2.2. The replacement system iPS cell inducing factor and mechanism
In order to avoid the risk of tumorigenesis caused by the activation of c-Myc in i PS cells, members of the Myc family, L-Myc and N-Myc, can effectively replace c-Myc to induce human and mouse i PS cells, of which the ability of i PS cells to form chimeric mice with germline transmission can be improved, and the resulting mice do not develop tumors. The pluripotency-related factor Glis1 can also replace c-Myc to promote the reprogramming of human and mouse iPS cells, and the resulting chimeras produced by the mouse iPS cells also have the ability of germ line transmission.
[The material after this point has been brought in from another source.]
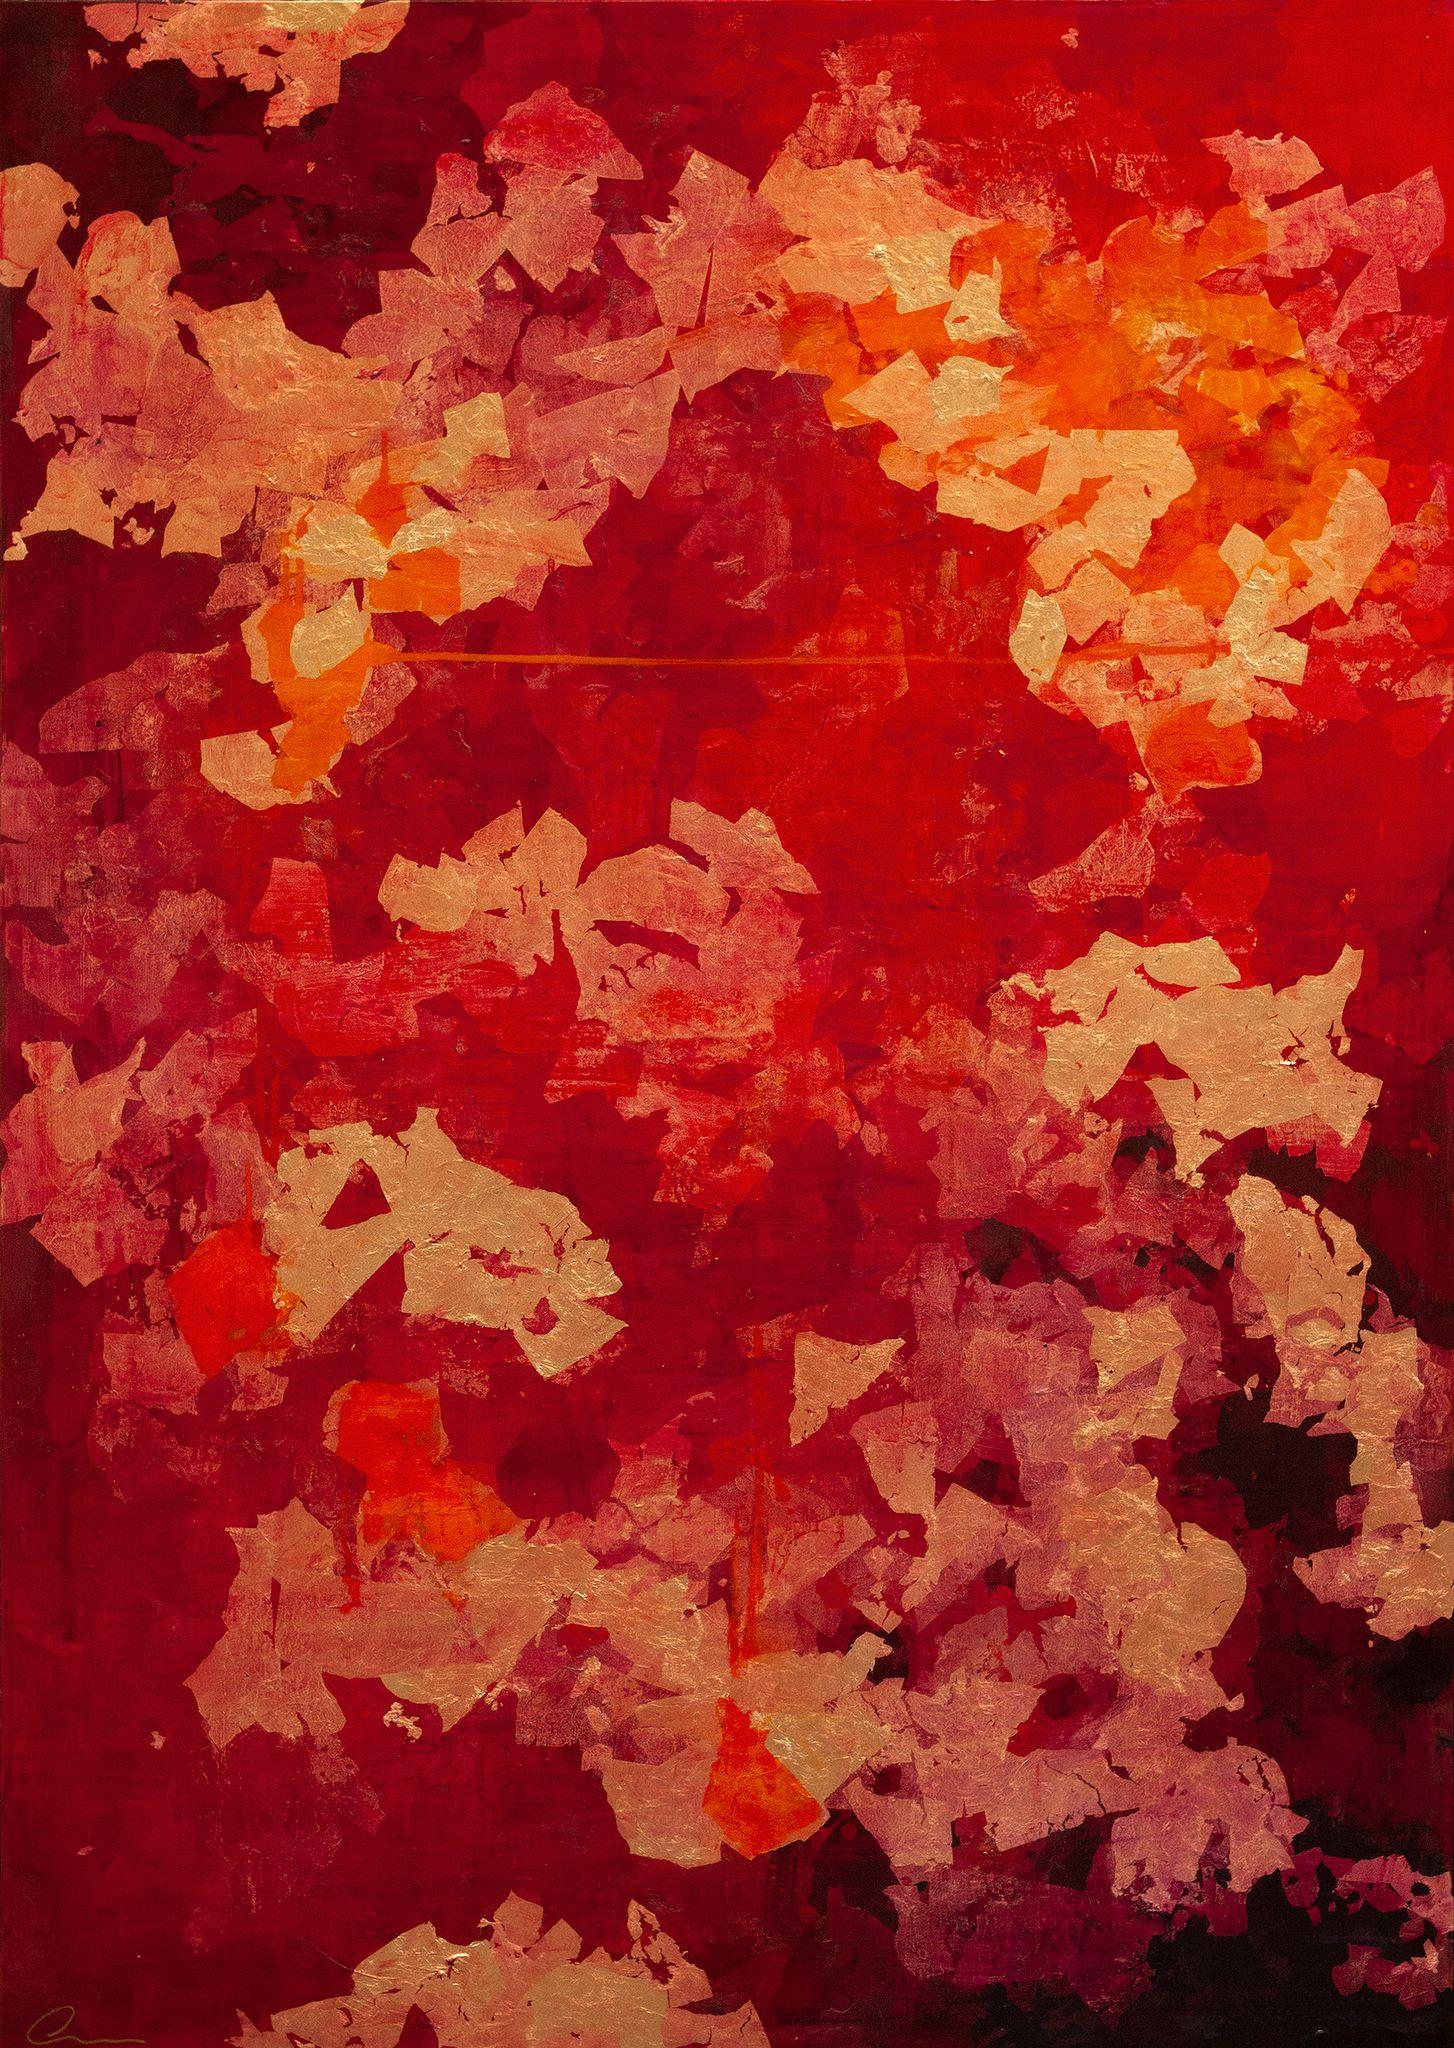 Peinture abstraite « Exhale » du 21e siècle, contemporaine, feuille d'or - Mixed Media Art de Chelsea Davine

Glis1 promotes the induction of iPS cells by affecting a variety of reprogramming pathways, including the expression of genes Myc, Nanog, Lin28, Wnt, Essrb and the MET process.
In addition to being replaced by Klf1, Klf2 and Klf5, Klf4 can also be replaced by the orphan nuclear receptor Esrrb and the OS, two factors to achieve the induction of iPS cells. Esrrb mediates reprogramming by up-regulating pluripotent cell-specific genes. The bone morphogenetic protein Bmp4 can also replace Klf4 to promote reprogramming, and its mechanism of action is mainly to promote the MET process. Nanog and Lin28 can replace c-Myc and Klf4 to obtain human iPS cells. Nanog is one of the important factors to maintain the pluripotency of mouse embryonic stem cells. It cooperates with transcription factors such as Oct4 and Sox2 to regulate the pluripotency network, RNA binding protein Lin28 can indirectly regulate the expression of c-Myc to complete reprogramming.
Sox2 can be replaced by Sox1, Sox3, Sox15 and Sox18 of the Sox family. Rcor2 can effectively replace the exogenous Sox2 in the induction of mouse and human iPS cells, and the ogenogen factor Obox1 can replace Sox2 to obtain iPS cells. Obox1 can regulate the expression of cell cycle related genes, slow down the excessive proliferation of reprogrammed cells, and promote the MET process to promote somatic cell reprogramming. The ectoderm cell lineage specialization factor GMNN can also replace Sox2 to obtain human iPS cells. The histone variants TH2A and TH2B, which are abundantly expressed in oocytes, can replace Sox2 and c-Myc to promote the reprogramming of iPS cells. The mechanism is to enrich the X chromosome to inhibit X chromosome inactivation.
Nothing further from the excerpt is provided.